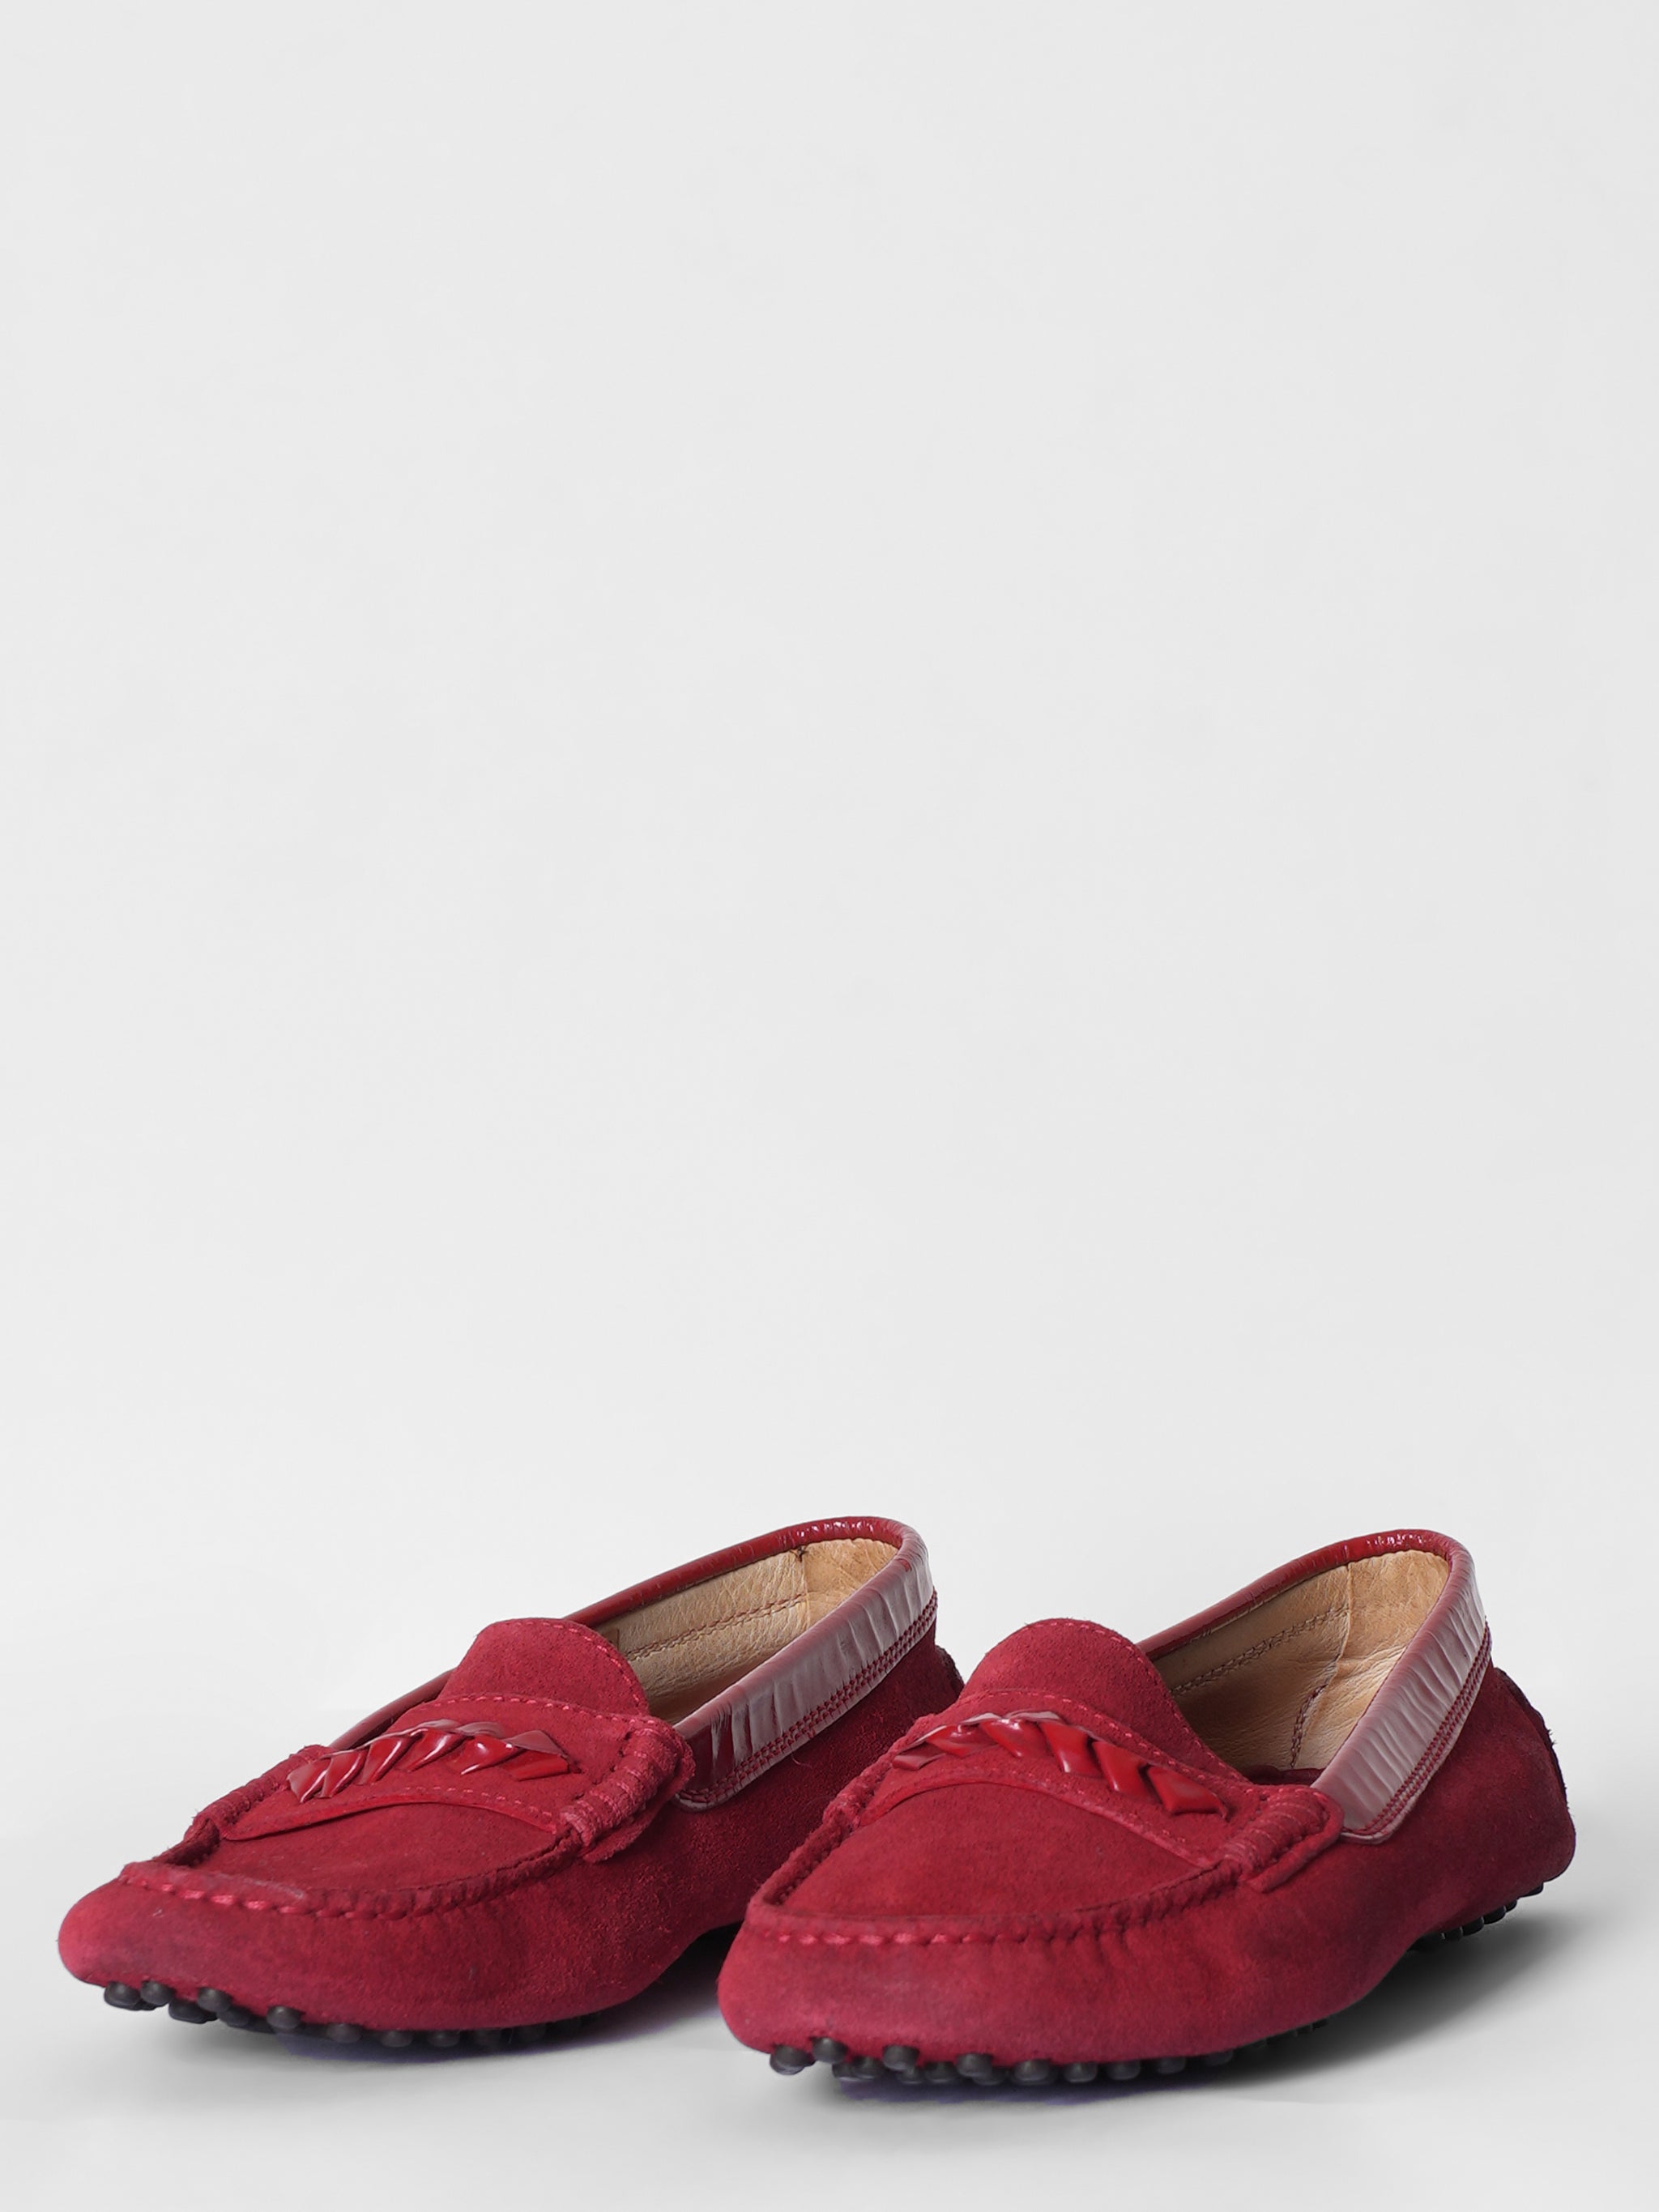 New Tod's Women Red Loafers
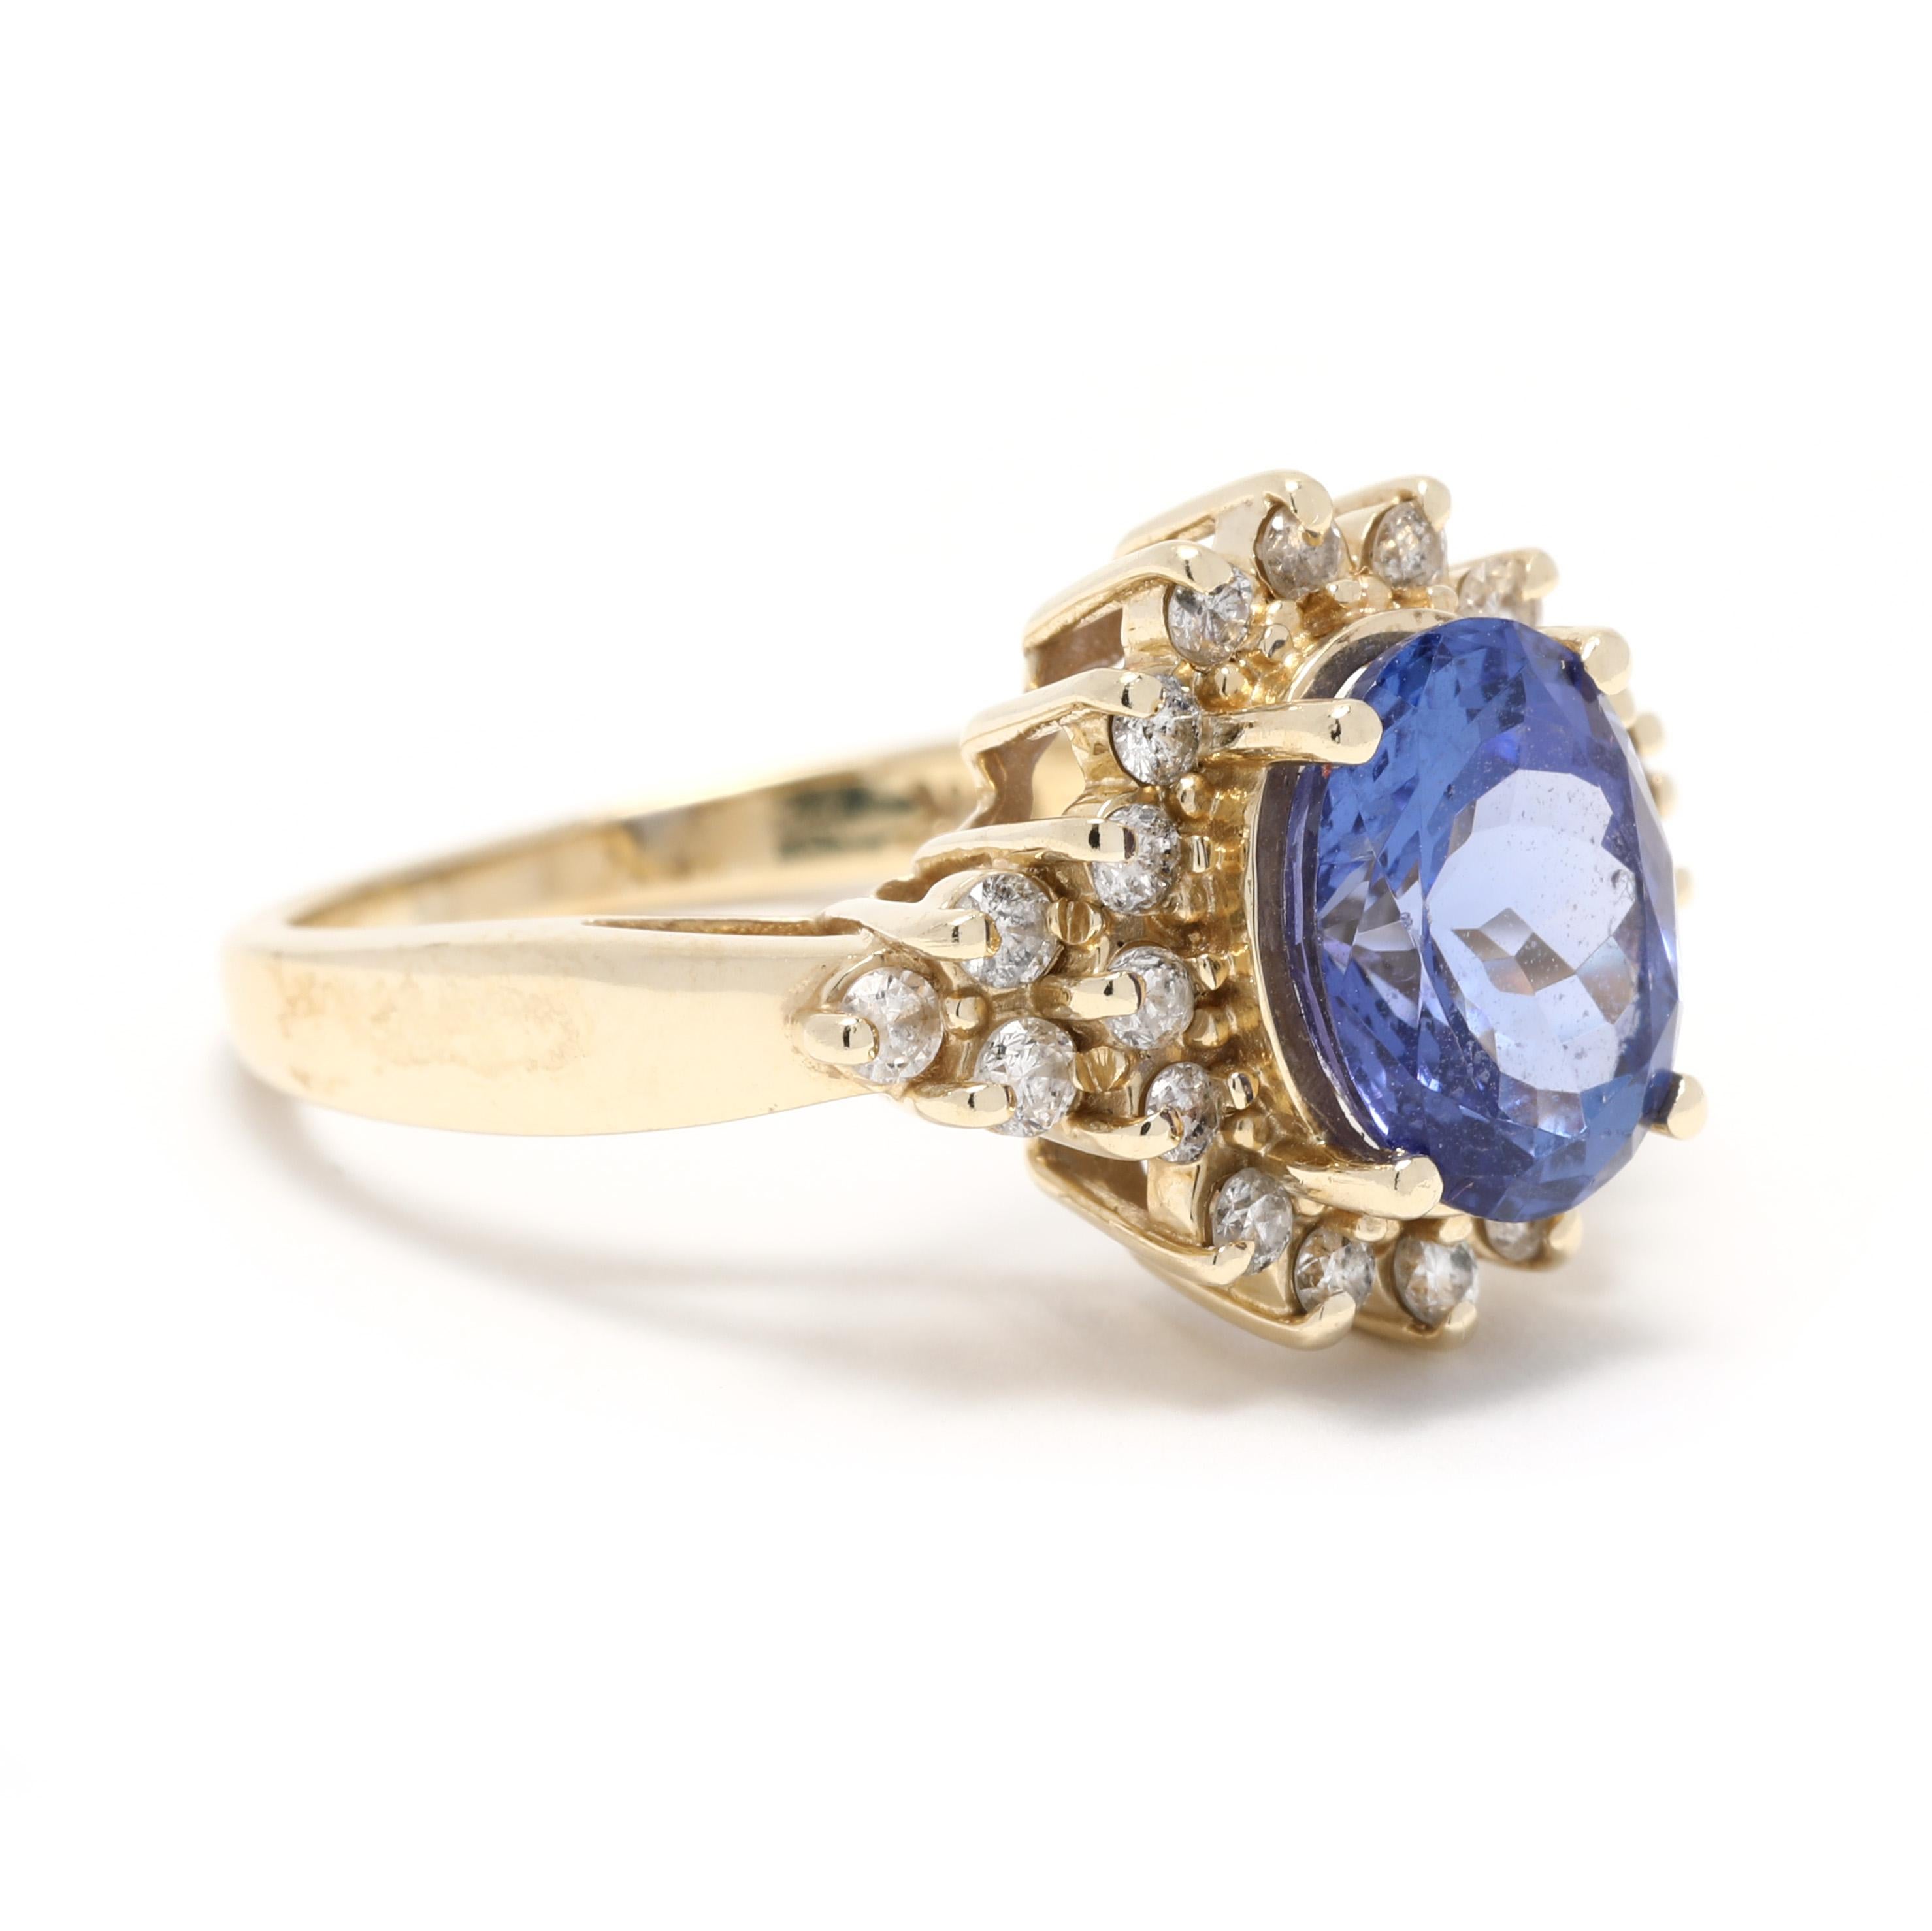 This stunning 2.88ctw Tanzanite and Diamond Halo Cocktail Ring is perfect for your special day! Crafted in 14K Yellow Gold, this ring features a stunning 2.5ct Natural Tanzanite center stone accented with a halo of genuine round diamonds. The ring
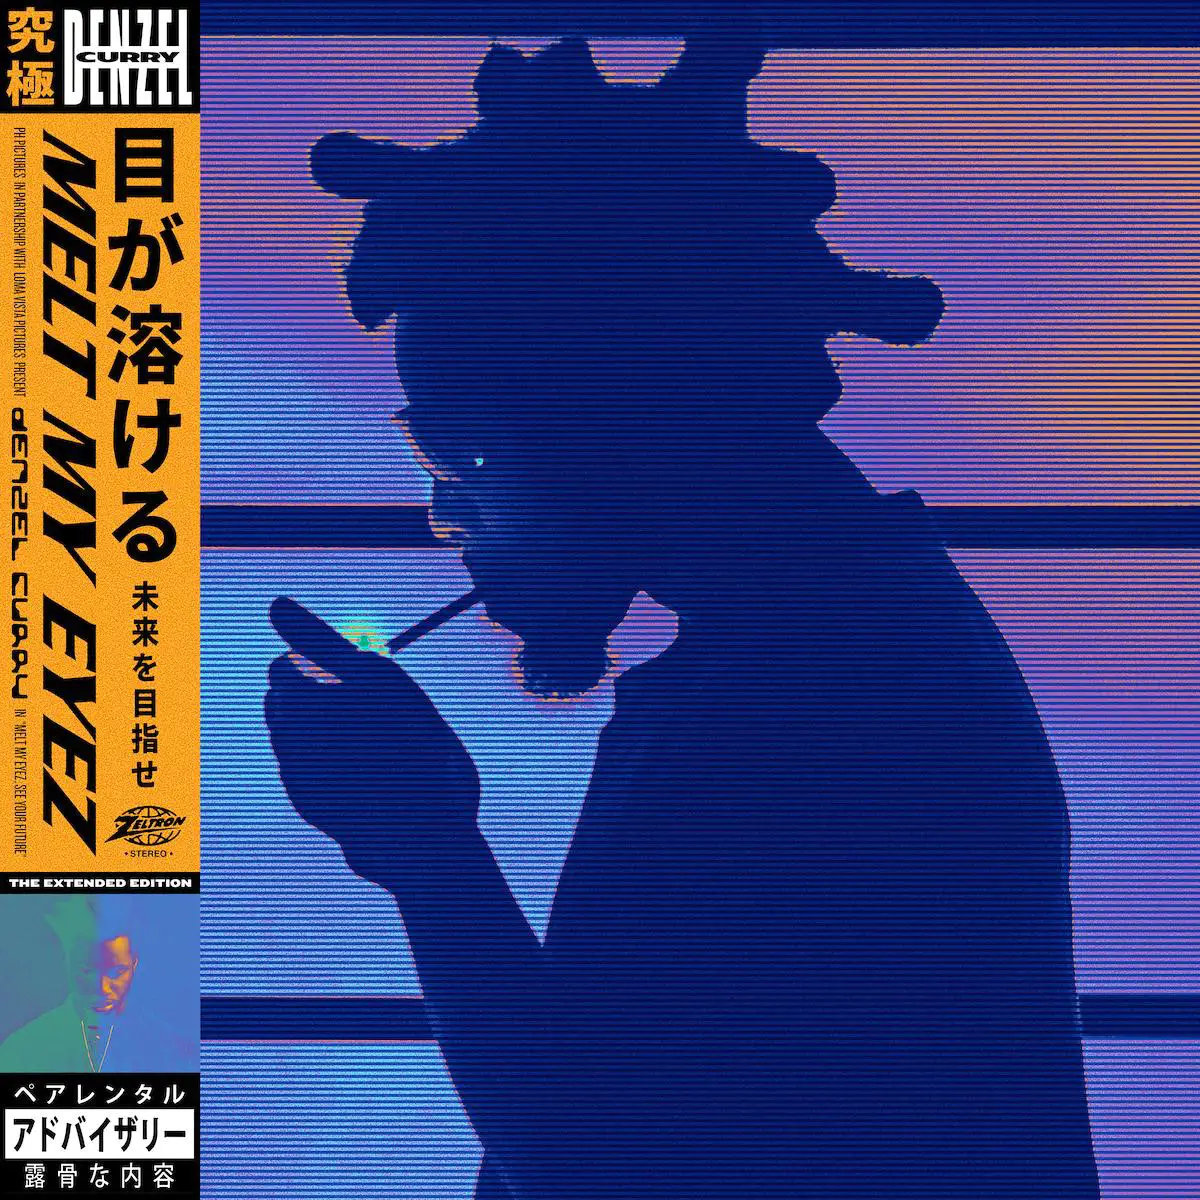 Denzel Curry Releases 'Melt My Eyez See Your Future: The Extended Edition' &Amp; Physical Album, Yours Truly, News, February 24, 2024

::::::::::

WHAT TO DO: Emit the lines of the data above from the one containing "This stunning 2.88ctw" through its final line, both endpoints included. Pictures do not belong in the output.

RESPONSE AREA:
 This stunning 2.88ctw Tanzanite and Diamond Halo Cocktail Ring is perfect for your special day! Crafted in 14K Yellow Gold, this ring features a stunning 2.5ct Natural Tanzanite center stone accented with a halo of genuine round diamonds. The ring
 Denzel Curry Releases 'Melt My Eyez See Your Future: The Extended Edition' &Amp; Physical Album, Yours Truly, News, February 24, 2024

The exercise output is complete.